Per quanto il senatore cerchi di concentrarsi già sulla sfida con McCain, la realtà resta quella di una corsa alla nomination tutt'altro che conclusa. La Clinton è impegnata a dar battaglia almeno fino alla fine della serie delle primarie a giugno e sta schierando le forze in campo in particolare per la riunione a Washington, il 31 maggio, di una commissione del partito democratico che dovrà decidere come risolvere la questione dei delegati di Michigan e Florida, due stati vinti dall'ex First Lady in elezioni che il partito ha annullato. Il 'Rules and Bylaw Committee', il comitato che dovrà decidere, è composto da 30 membri di cui 13 sono schierati con la Clinton. Altri otto sono nel campo di Obama, mentre gli altri non si sono pronunciati. I clintoniani spingeranno per far assegnare i delegati dei due stati in base al voto popolare: in questo caso la senatrice ne otterrebbe 47 in più di Obama.

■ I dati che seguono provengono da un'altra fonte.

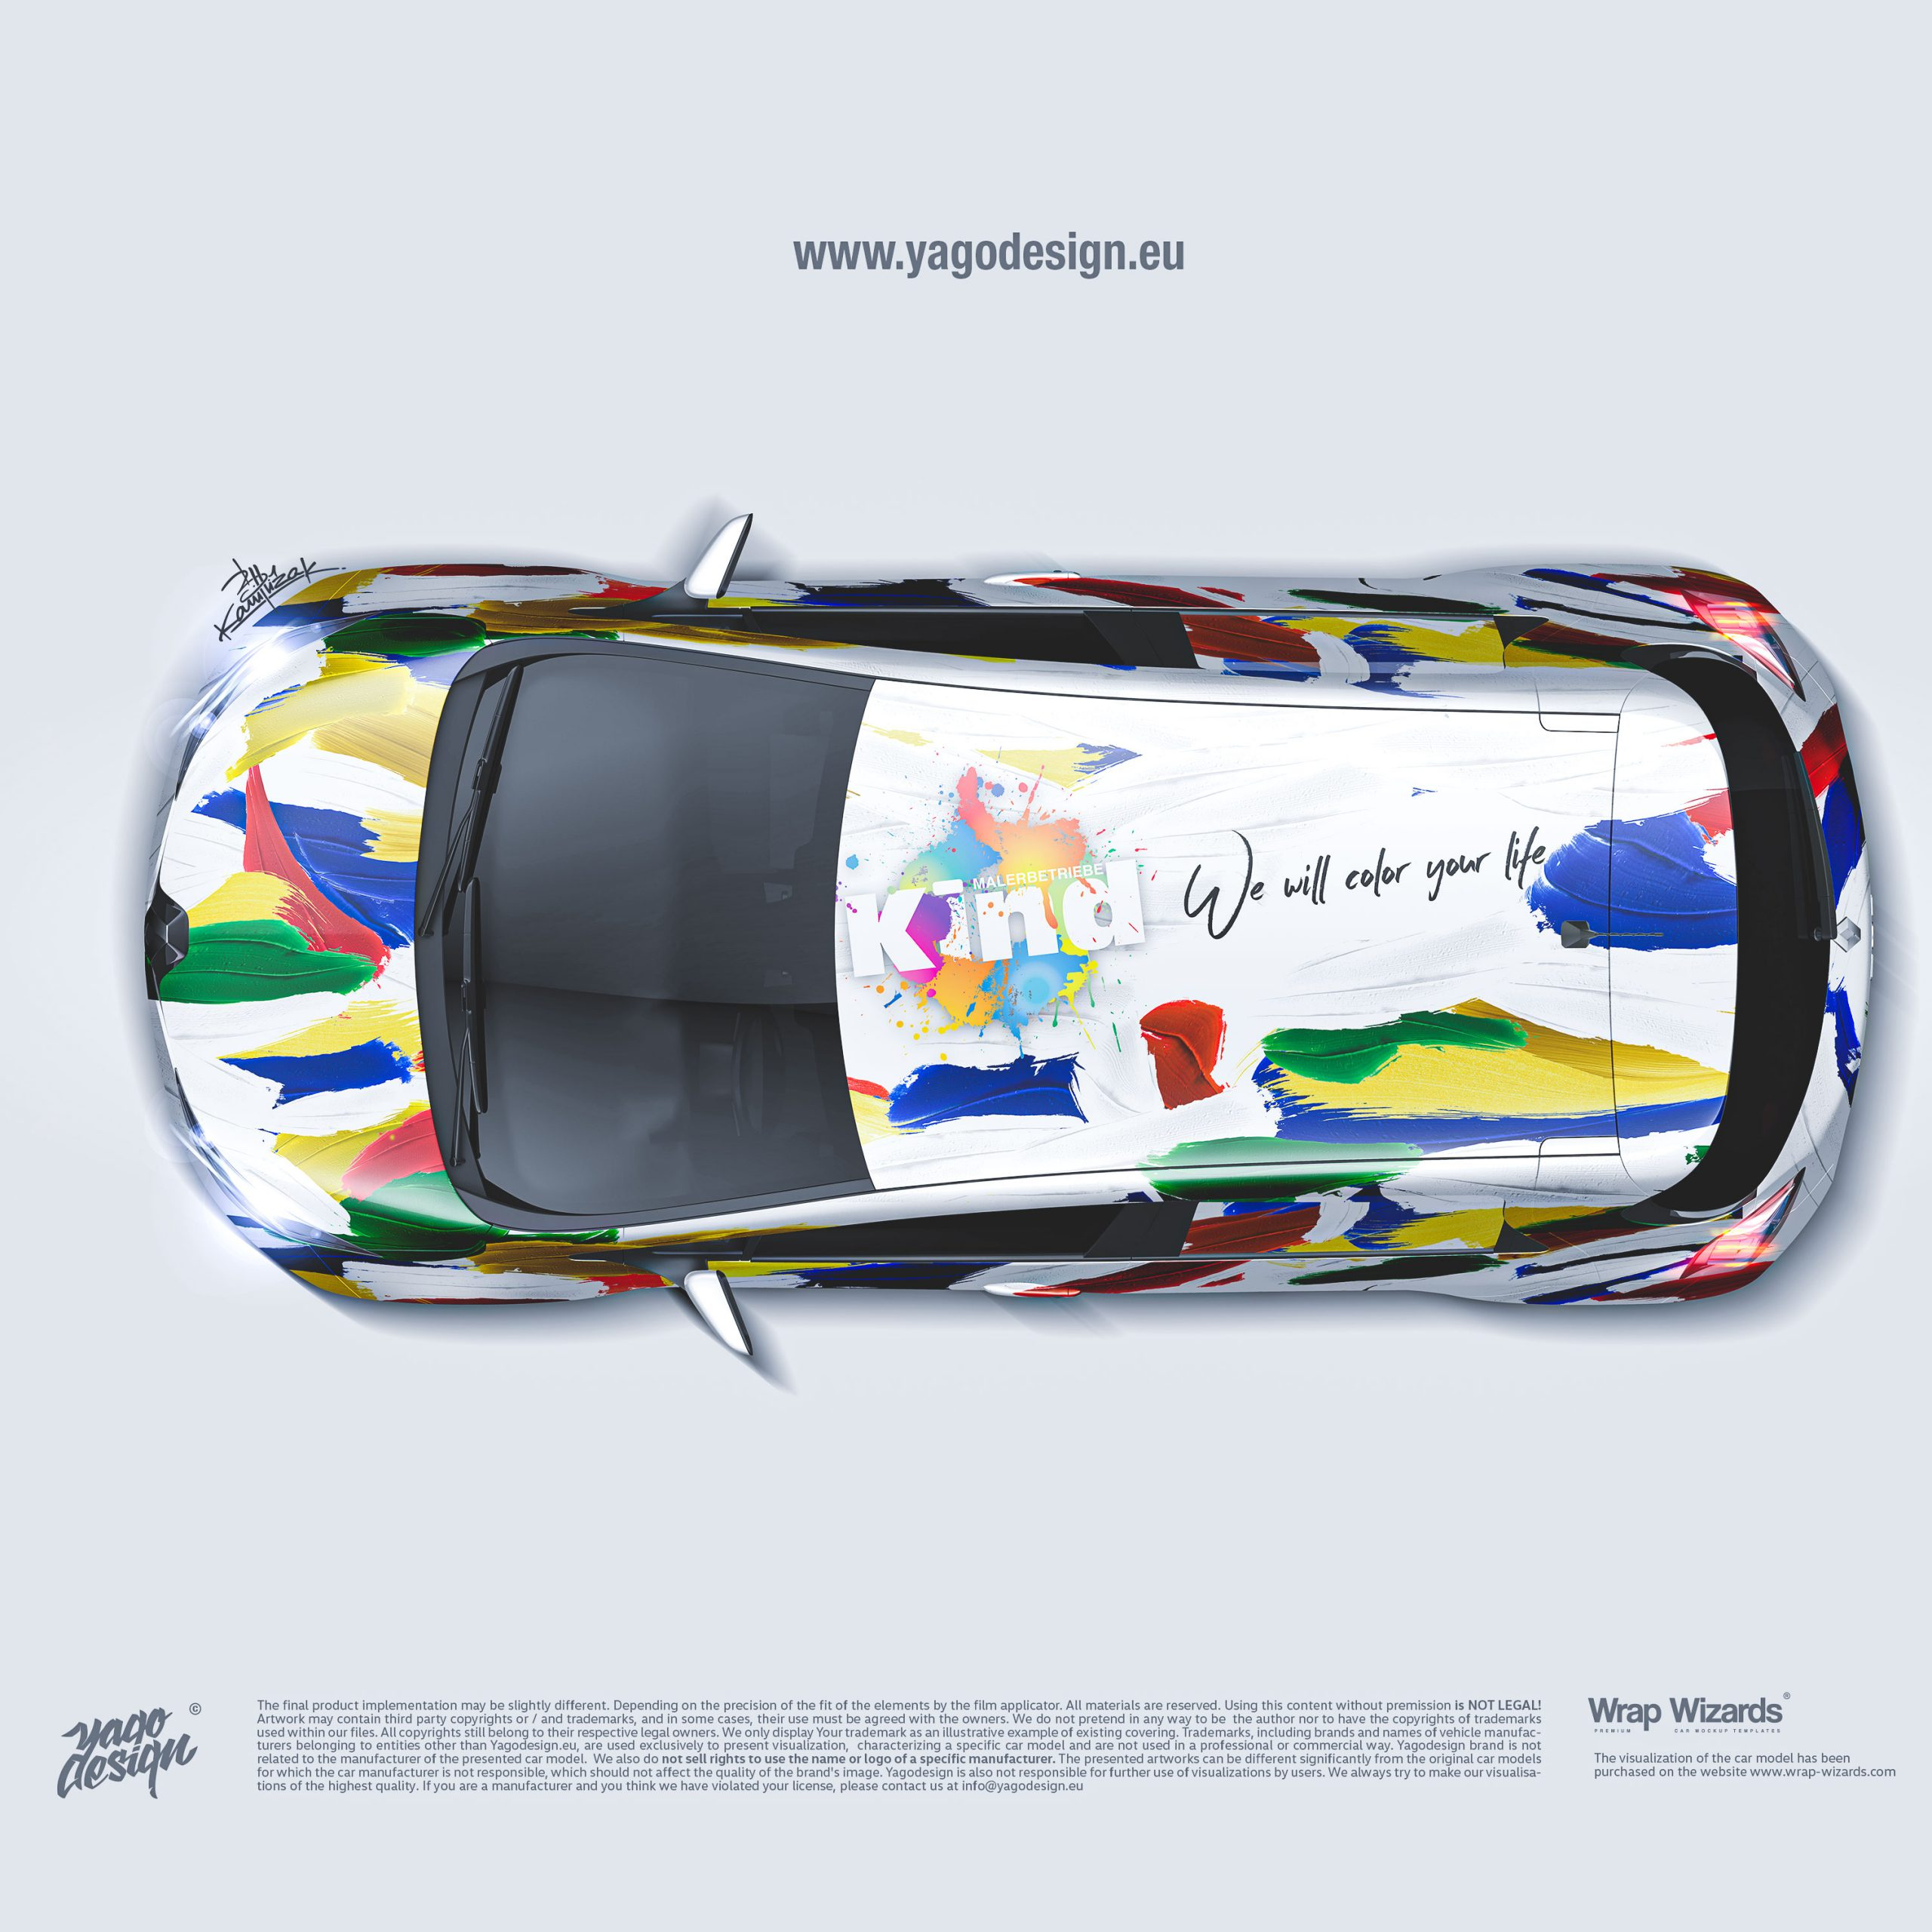 Renault-Zoe-2017-by-Yagodesign-by-Kamil-Lizak-by-Feinschliff-topview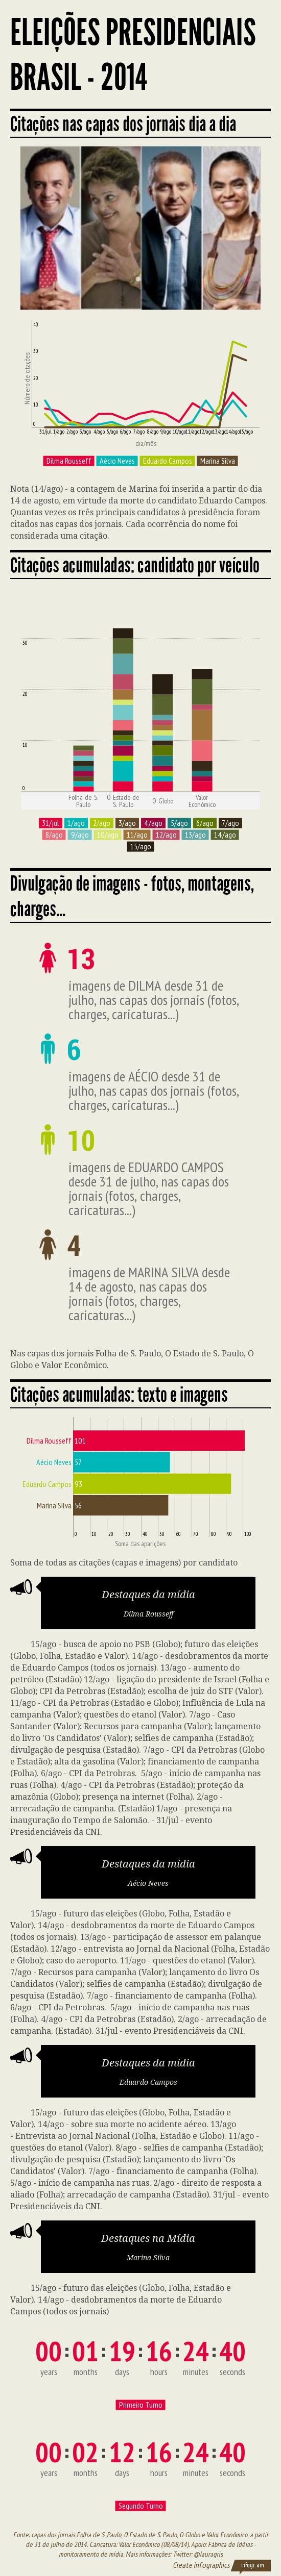 Eleicoes_Presidenciais_Brasil__2014

Non basterebbe comunque, in termini matematici, a riportarla in testa, ma le darebbe un forte impulso psicologico per cercare di convincere gli indecisi tra i 'superdelegati', i membri del partito liberi di schierarsi come vogliono alla convention. Il problema è che il tempo sta finendo per la Clinton. Il 20 maggio, dopo il voto in Oregon e Kentucky, Obama sembra intenzionato a dichiarare vittoria per la raggiunta maggioranza di delegati e superdelegati e l'arrivo di Edwards ha accelerato il processo. L'ex candidato controllava 19 delegati e all' indomani dell'annuncio già quattro di loro si sono pronunciati per Obama, insieme al potente sindacato dei lavoratori dell' acciaio (600.000 membri), che era schierato con Edwards e ad alcuni superdelegati. Secondo i conteggi dell'AP, Obama controlla adesso 1.895 delegati, contro i 1.718 della rivale, e il traguardo di quota 2.026, necessario per la vittoria, appare sempre più vicino.